Buybacks Will Continue To Support Stock Prices in 2019
We’ve often noted that one of the major facts of the post-2009 stock market rally has been the role played by companies buying back their own shares. By some analyses, company buybacks have been the largest net buyers of stocks over the past decade.
Source: Canaccord Genuity
From a company perspective, buybacks can be a way to achieve a return of capital to shareholders more flexible than providing a dividend, which once established can provoke a negative market response if it is lowered. Buybacks can also make sense to companies because of a persistent low interest rate environment such as the one that has obtained since 2008; they can fund buybacks in part from very low interest rate debt. It is possible for companies to issue debt and buy back shares in a manipulative way — for example, executives seeking to reach earnings-per-share targets primarily by reducing share count rather than by increasing earnings. Still, we disagree with the view sometimes expressed by progressive critics that buybacks are deceptive as such. They are one tool in a company’s financial kit, and analysts need to look at each company’s behavior individually to evaluate it.
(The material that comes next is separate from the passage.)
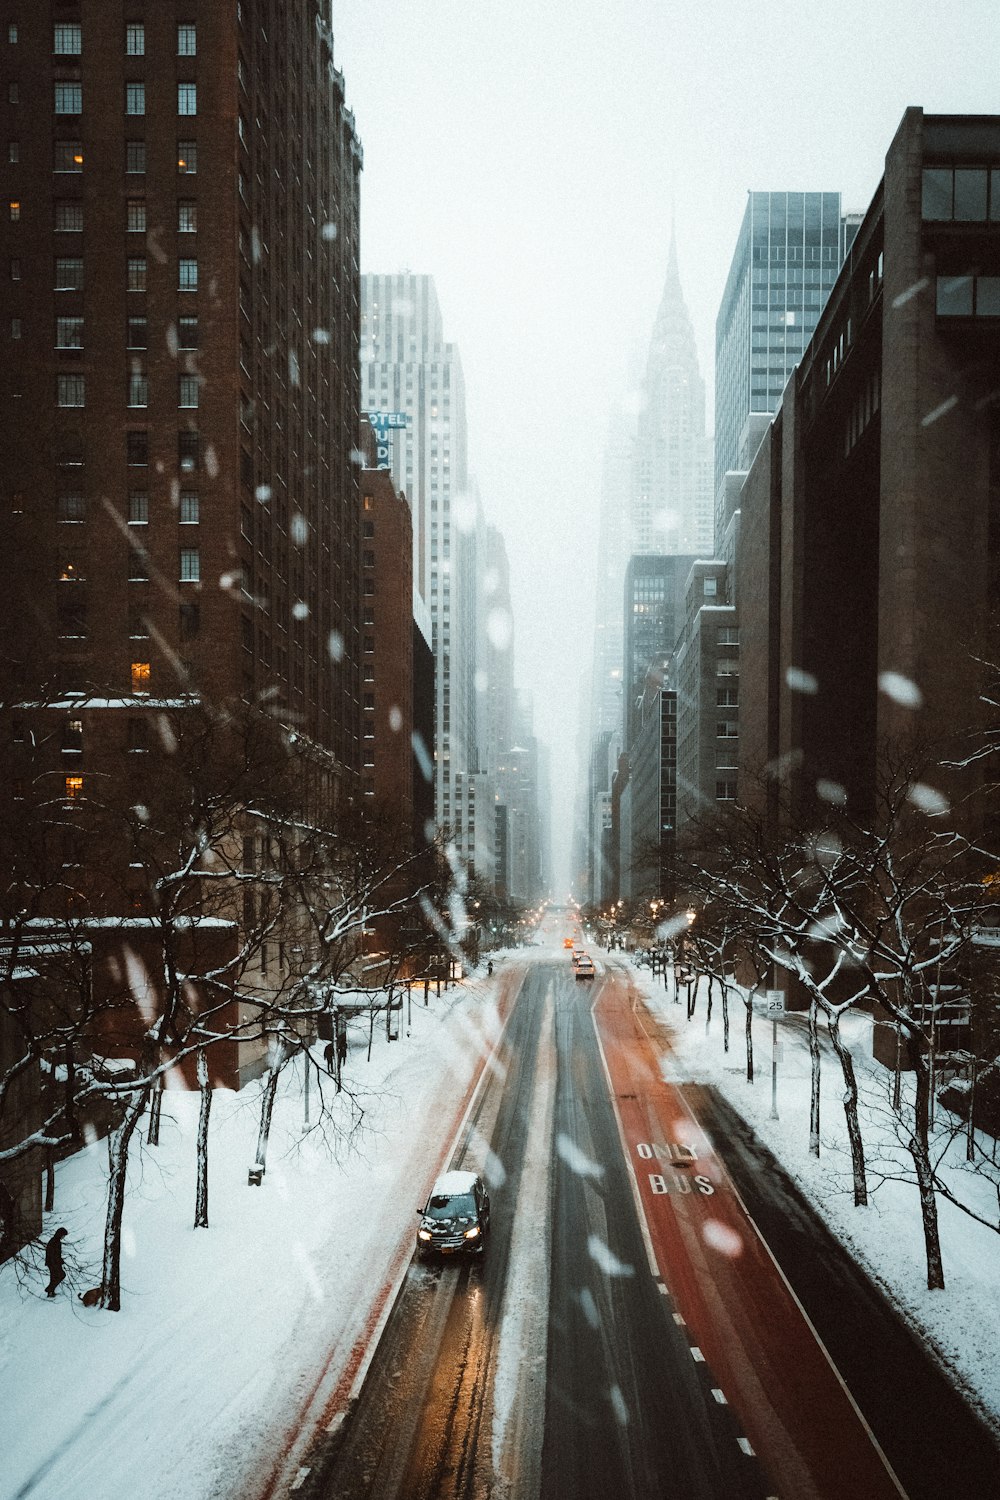 Straße zwischen Hochhäusern im Winter

From an investor’s perspective, in aggregate, buyback behavior is positive, and indeed has undergirded much of the market’s performance in the post-crisis period. Important to note now, buyback activity is continuing strong in 2019. A recent piece from Bank of America, analyzing their own corporate clients’ buyback behavior, suggests that the S&P 500 as a whole is on track for more than $1 trillion in buybacks in 2019. Financials and tech stocks have been the largest contributors thus far (comprising 35% and 27% of buybacks respectively). Buybacks accounted for 2% of the 3% year-on-year earnings per share growth for S&P 500 companies, according to Bank of America, and buyback spending accounted for 45% of companies’ operating cash flow. While buybacks have not materially accelerated from 2018, they remain well above their long-term average.
Source: Bank of America Merrill Lynch Research
We note that the U.S. is not the only market where buybacks are significant. They are increasingly so in Japan. Western-influenced shareholder friendliness of Japanese corporates — influenced by increasing shareholder activism from domestic and foreign shareholders — is leading to more buyback behavior, with companies announcing ¥2.3 trillion in buybacks for 2019.
Investment implications: Buybacks have provided support for U.S. stocks market throughout the post-crisis bull market, and that support is expected to continue in 2019. We do not see the conditions supporting buybacks — accommodative financial conditions, ample cash flow, and a desire to return cash to shareholders — threatened by any near-term developments.